Data Mining_ Concepts and Techniques - Jiawei Han [280]
Figure 10.4 Four cases of the cost function for k-medoids clustering.
Each time a reassignment occurs, a difference in absolute error, E, is contributed to the cost function. Therefore, the cost function calculates the difference in absolute-error value if a current representative object is replaced by a nonrepresentative object. The total cost of swapping is the sum of costs incurred by all nonrepresentative objects. If the total cost is negative, then oj is replaced or swapped with orandom because the actual absolute-error E is reduced.
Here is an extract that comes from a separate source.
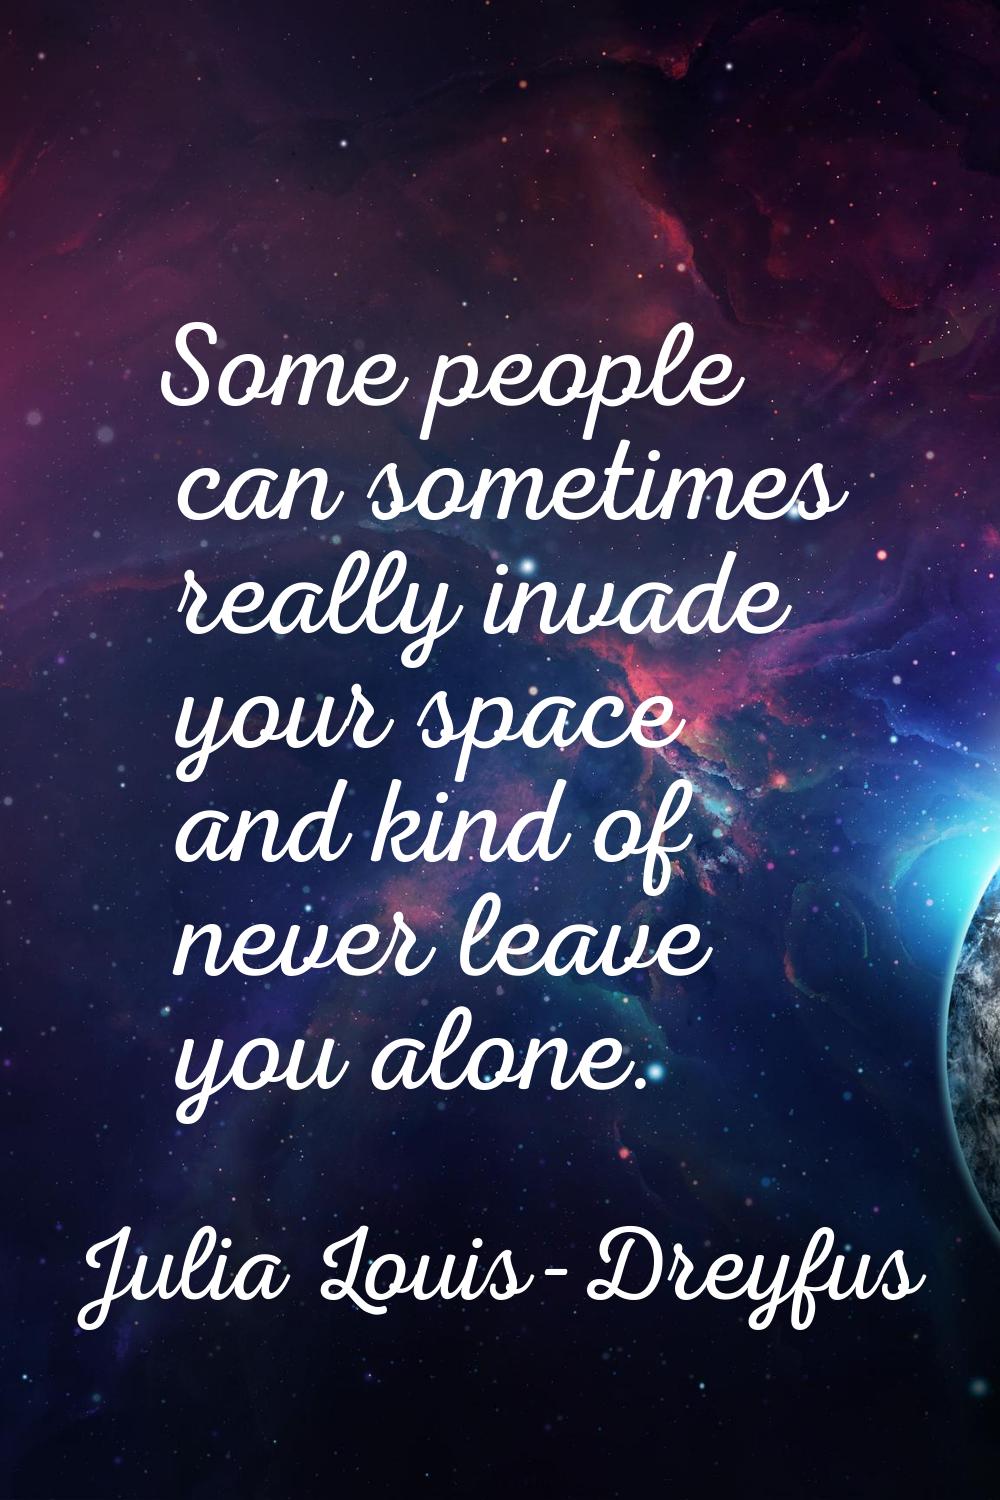 Some people can sometimes really invade your space and kind of never leave you alone.

If the total cost is positive, the current representative object, oj, is considered acceptable, and nothing is changed in the iteration.
“Which method is more robust—k-means or k-medoids?” The k-medoids method is more robust than k-means in the presence of noise and outliers because a medoid is less influenced by outliers or other extreme values than a mean. However, the complexity of each iteration in the k-medoids algorithm is O(k(n − k)2). For large values of n and k, such computation becomes very costly, and much more costly than the k-means method. Both methods require the user to specify k, the number of clusters.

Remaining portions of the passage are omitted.